The mitogenic activity in the unfractionated mixture of proteins released from adult bovine bone matrix during demineralization with ethylenediaminetetraacetate (EDTA) has been examined. Bovine bone extract (BBE) from 1 to 25 μg protein per ml stimulated proliferation of chick embryo calvaria bone cells, newborn mouse bone cells, and osteoblastlike cell lines MMB-1 and ROS 17/2.8. BBE also stimulated DNA synthesis in cells from chick embryo cartilage, skin and skeletal muscle tissues and fibroblastlike BALB/c 3T3 and NRK cells. BBE contained β transforming growth factor (TGF) activity (NRK cell colony formation in soft agar in the presence of epidermal growth factor EGF).
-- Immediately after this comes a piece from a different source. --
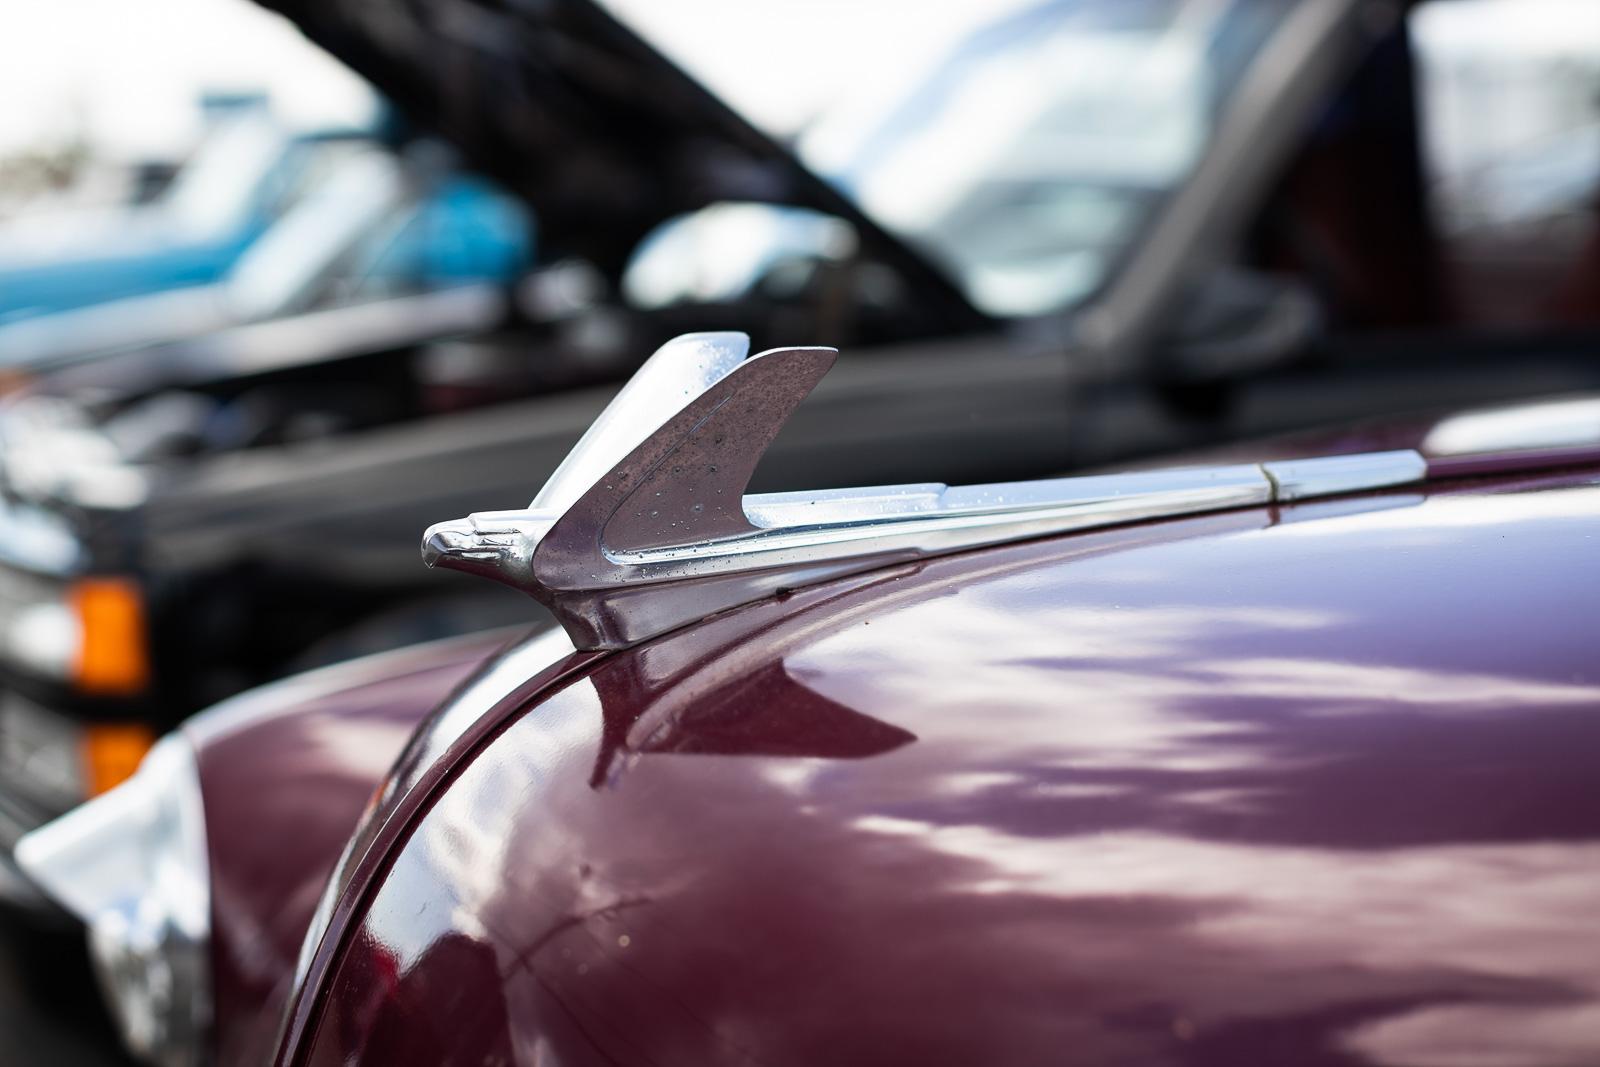 fat-guys-car-show-blog-48.jpg
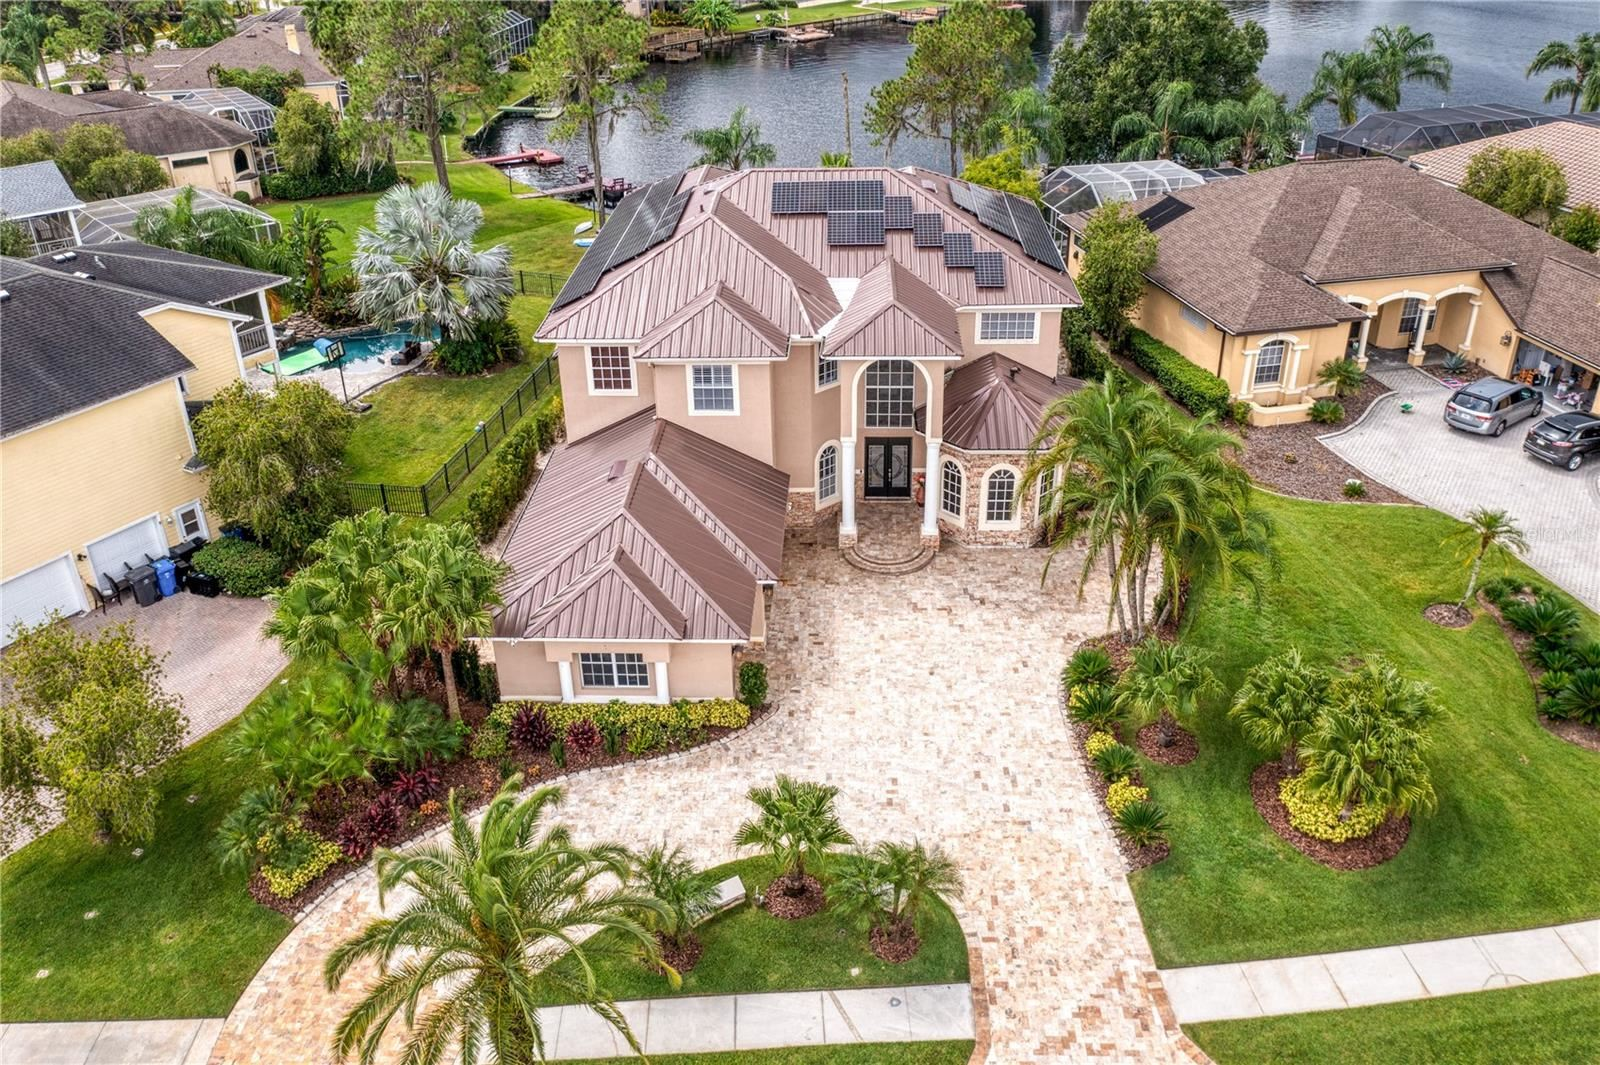 17804 SAINT LUCIA ISLE DRIVE, Tampa, FL 33647 - #: U8139430

The cell specificity results suggest that (1) BBE contains more than one growth factor, including a βTGF and a factor that is not specific for bone cells, and (2) all of the bone derived growth factor activities that have been described previously, including SGF, are apparently present in BBE. Maximal stimulation of chick embryo calvarial cell DNA synthesis by BBE was equal to or exceeded maximal stimulation by nonosseous growth factors that have been reported to stimulate DNA synthesis in bone organ cultures (EGF, fibroblast growth factor, platelet-derived growth factor, insulinlike growth factor I, and multiplication stimulating activity). Combinations of BBE with maximally stimulatory concentrations of each growth factor stimulated DNA synthesis to a greater magnitude than did each growth factor alone. These results suggest that combinations of bone derived and systemic factors can coordinately stimulate bone cell proliferation.